Saturday, March 08, 2008

Andrea Camilleri's politics get personal, plus a question for readers

It's nice to see a crime writer let the satirical arrows fly without pretense of diplomacy. Shane Maloney does this, and Christopher Brookmyre does not know the meaning of the word restraint, which is part of the reason he's fun to read.

But neither Maloney nor Brookmyre is as direct as Andrea Camilleri in The Paper Moon, ninth novel in the Salvo Montalbano series:


"During the horrific hurricane `Clean Hands,' he had turned into a submarine, navigating underwater by means of periscope alone. He resurfaced only when he'd sighted the possibility of casting anchor in a safe port – the one just constructed by a former Milanese real-estate speculator-cum-owner of the top three private nationwide television stations-cum parliamentary deputy, head of his own personal political party, and finally prime minister."
That is in the spirit of the passages from Maloney and Brookmyre to which I linked above, but neither zeroes in on an individual the way Camilleri does on Silvio Berlusconi. Even the Brookmyre is about Thatcherism and its publicists rather than about Margaret Thatcher herself.

There is something bracing about satire so clearly directed at a particular powerful person. And that, readers, leads to your question: Who else does what Camilleri does? Which crime stories are not only satirical but aim their barbs at a particular individual?

© Peter Rozovsky 2008

Technorati tags:



Labels: , , , ,

12 Comments:

Blogger Linkmeister said...

Rex Stout's The Doorbell Rang aimed at J. Edgar Hoover.

Can't immediately think of any others, but I'm sure they're out there.

March 08, 2008  
Blogger Peter Rozovsky said...

That may have come up in one of my earlier discussions of politically themed crime fiction. I remember posting about a distinctly political stand by Nero Wolfe against arbitrary and excessive exercise of police power, for instance.

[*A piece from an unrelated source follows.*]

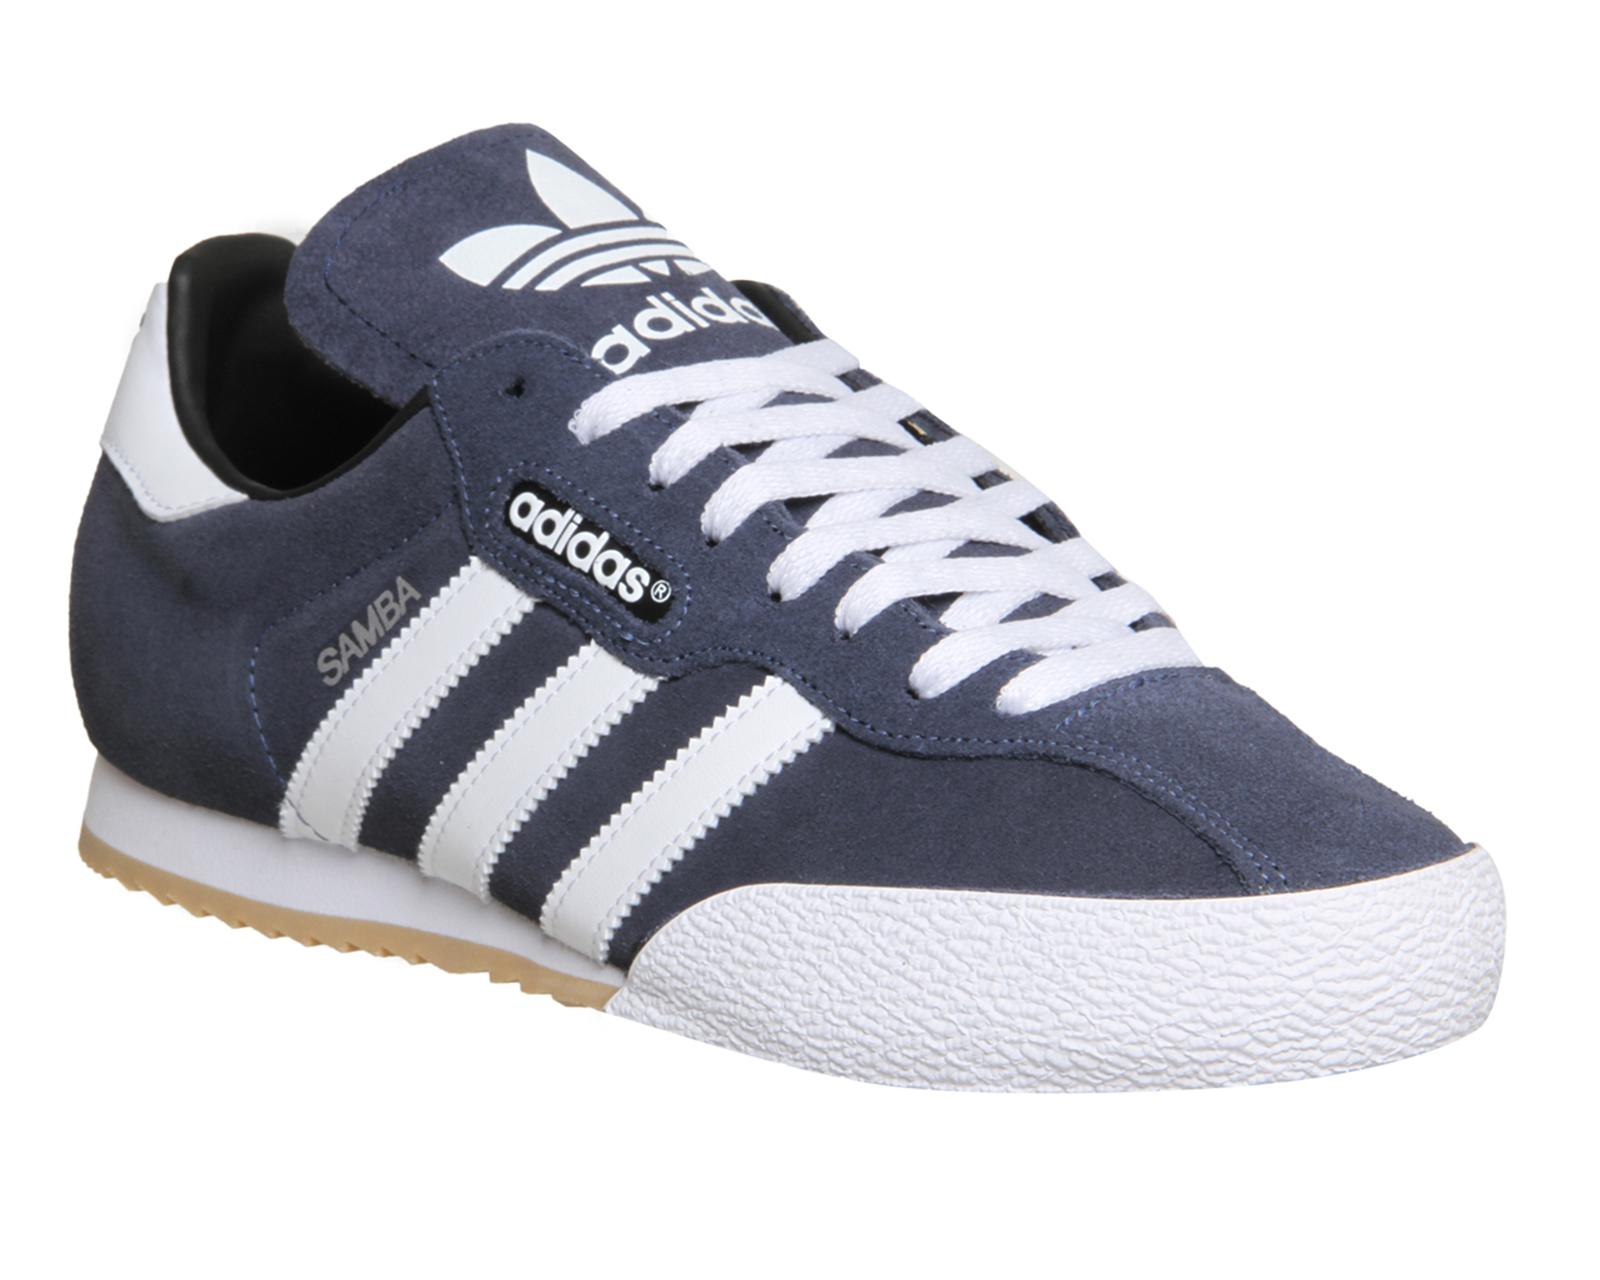 Lyst - Adidas Samba Super Suede Low-Top Sneakers in Blue for Men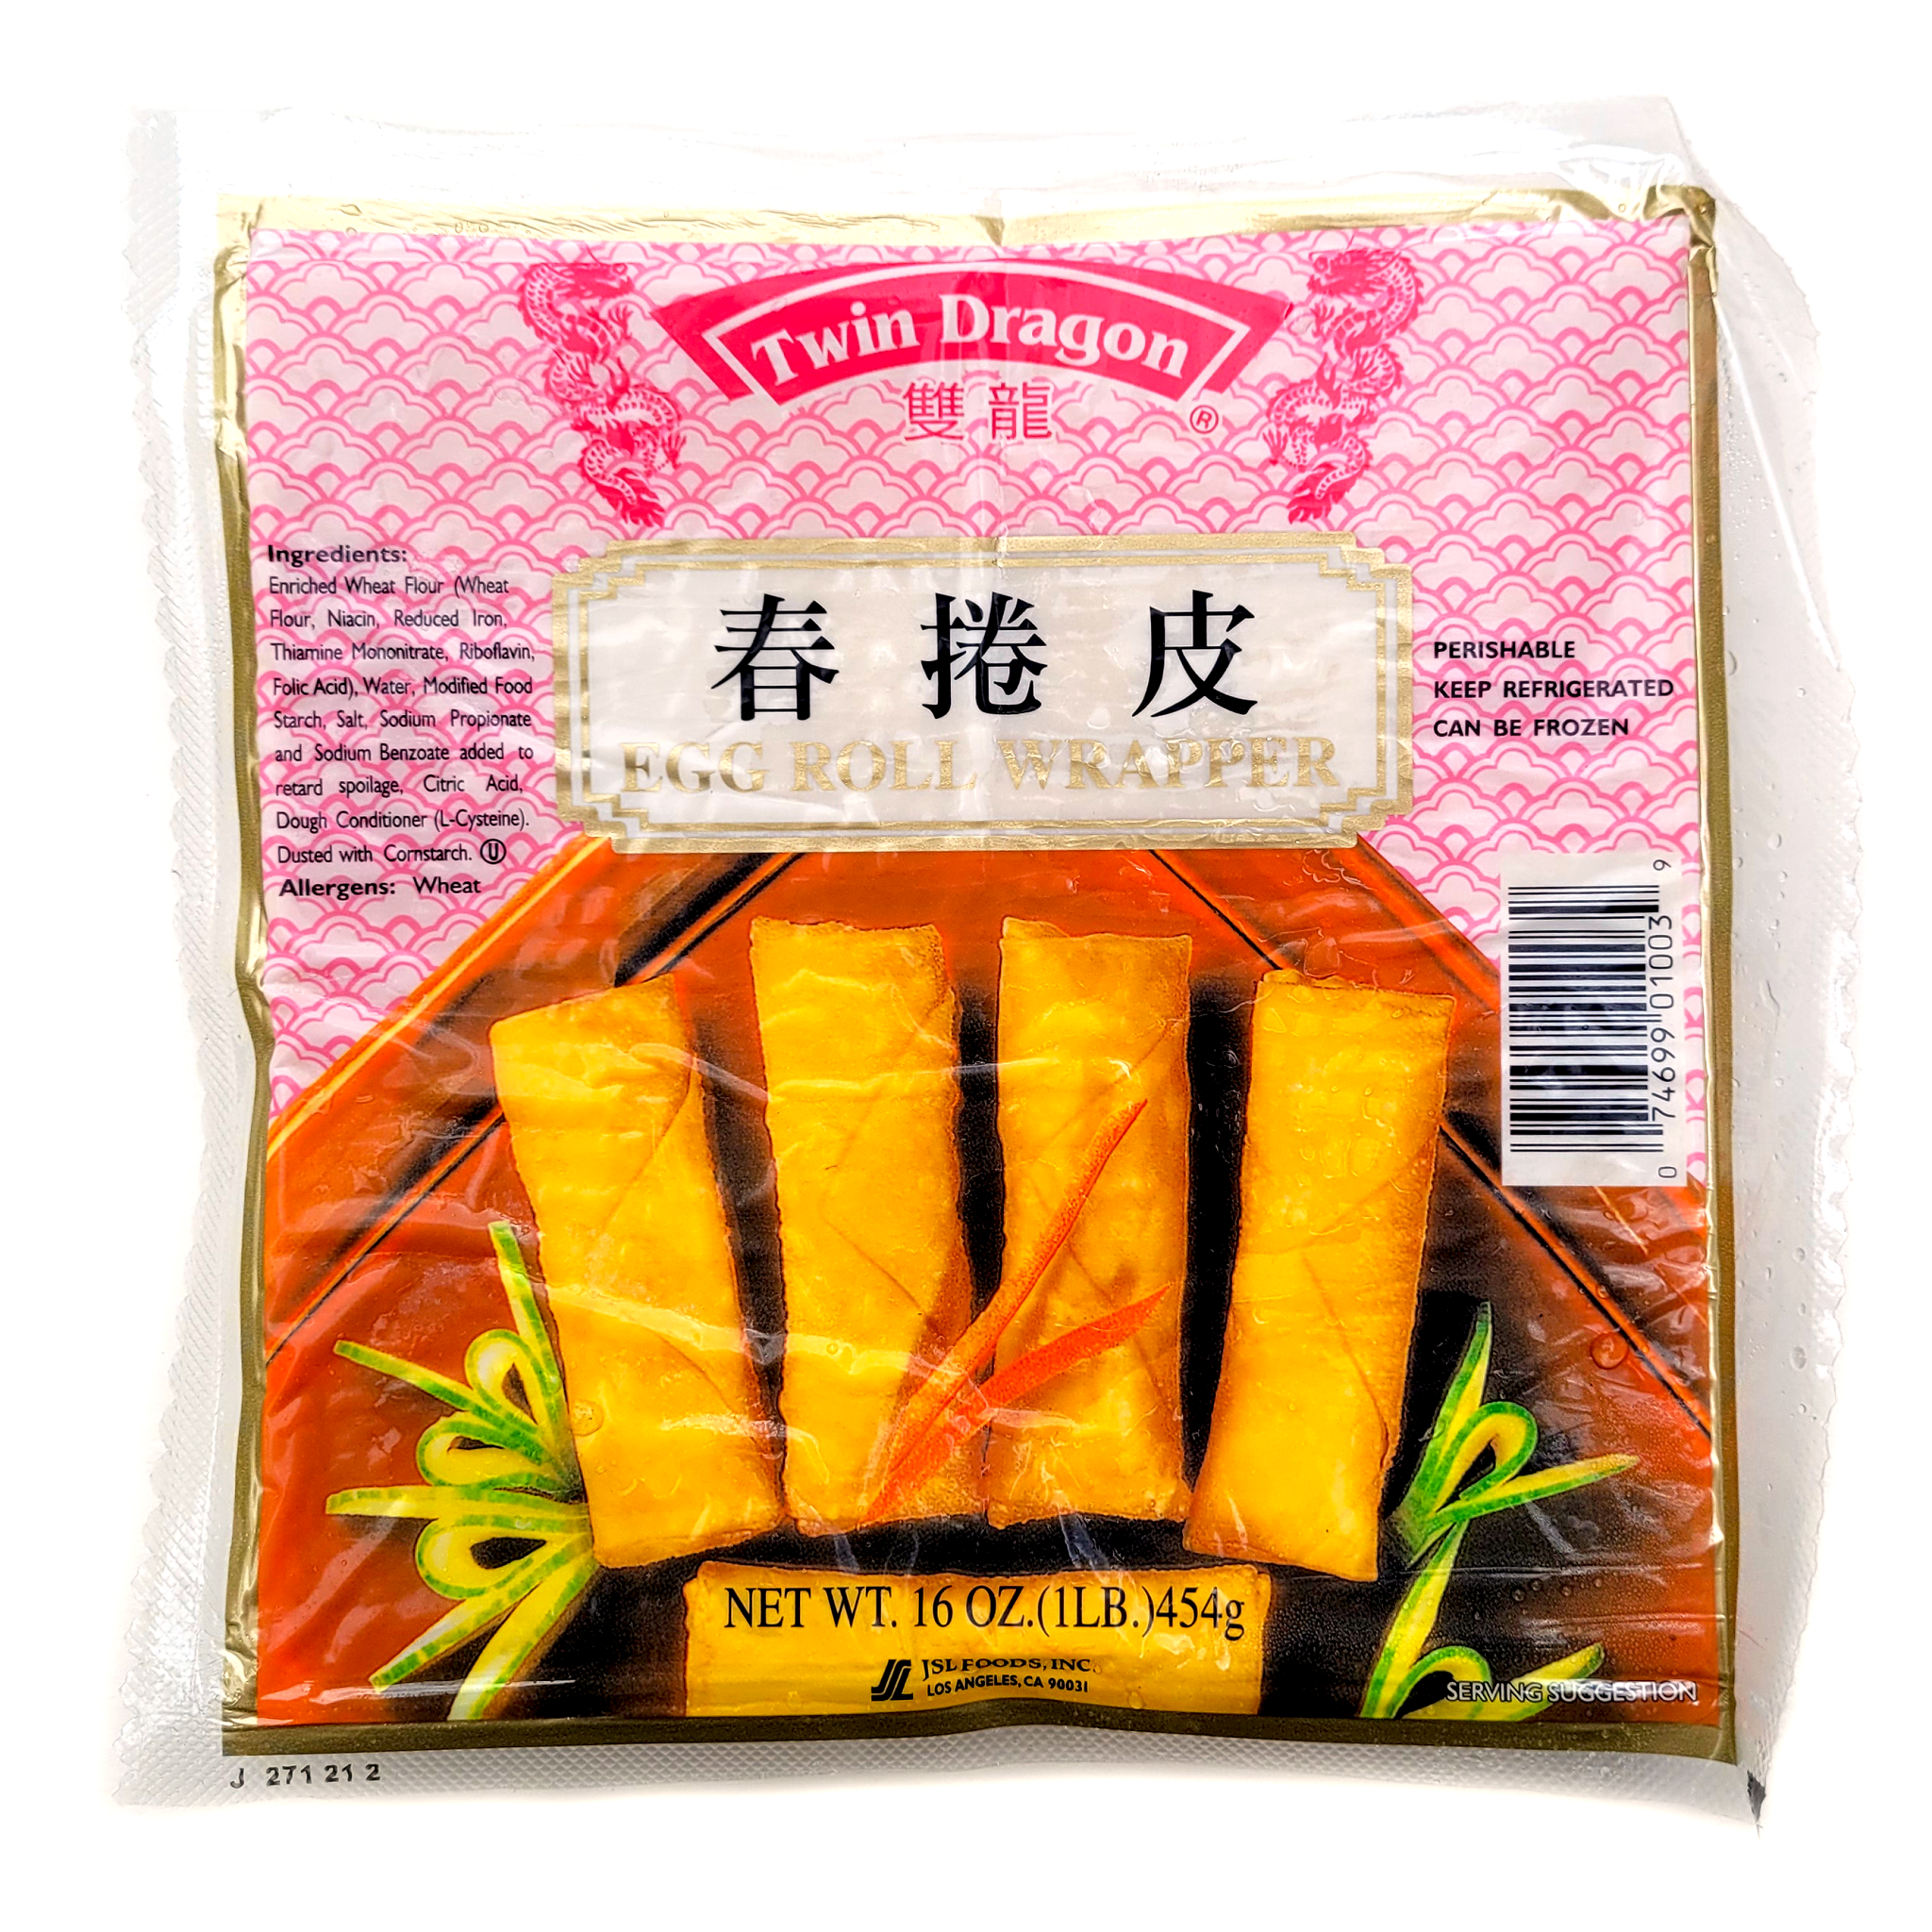 Twin Dragon Premium Egg Roll Wrappers, 18 oz

I can look for The Doorbell Rang, of course, but until then, how personally does Stout direct satire at J. Edgar Hoover in the story?

March 08, 2008  
Blogger Linkmeister said...

Well, it's not really satire, I suppose. The client and Wolfe both express their disdain and derision at the excesses of Hoover's FBI in no uncertain terms, and the book ends with a memorable scene that essentially humiliates the man himself.

March 08, 2008  
Blogger Peter Rozovsky said...

Essentially humiliating the man himself sounds good. And I had not noticed before that the title, The Doorbell Rang, is highly evocative of all those visits that make Archie hesitate for a moment before answering the door.

March 08, 2008  
Blogger Uriah Robinson said...

How come you have got a copy of Paper Moon before me?

March 08, 2008  
Blogger Peter Rozovsky said...

I asked myself the same question. I can assure you that I did not acquire the book by illicit means; the publisher sent me a review copy.

March 08, 2008  
Blogger Uriah Robinson said...

You are a lucky man, but then Andrea Camilleri is one author whose books I actually buy.
My copy has been on order for months.

March 09, 2008  
Blogger Peter Rozovsky said...

I'd agree that if there were any cosmic justice, you would have received a copy before I did. I wonder if this has anything to do with U.S. vs. U.K. publication dates.

March 09, 2008  
Blogger Lisa said...

Ah, here's where I should have left my comment asking if you had read Paper Moon in Italian! Now I understand why you've been able to read it before the rest of us. It won't be available in the U.S. until April.

March 12, 2008  
Blogger Peter Rozovsky said...

Lisa, you can leave comments here, there. The more you leave (within reason, of course), the more my traffic goes up!

If you can't get The Paper Moon until April, you at lease have some possible recipes for your next edition of Novel Food.

March 12, 2008  
Blogger Lisa said...

I'm reading a Martha Grimes book right now, and I was thinking of making something from it for this edition of NF. However, none of the candidates sound anywhere near as tasty to me as practically anything from a Camilleri book, so I'll probably go that way again.

March 14, 2008  
Blogger Peter Rozovsky said...

Martha Grimes? Now, there's a surprise. I've never read her, but I'd have taken it for granted that a program like Novel Food would belong to Italian and French writers, with an occasional entry from Spain.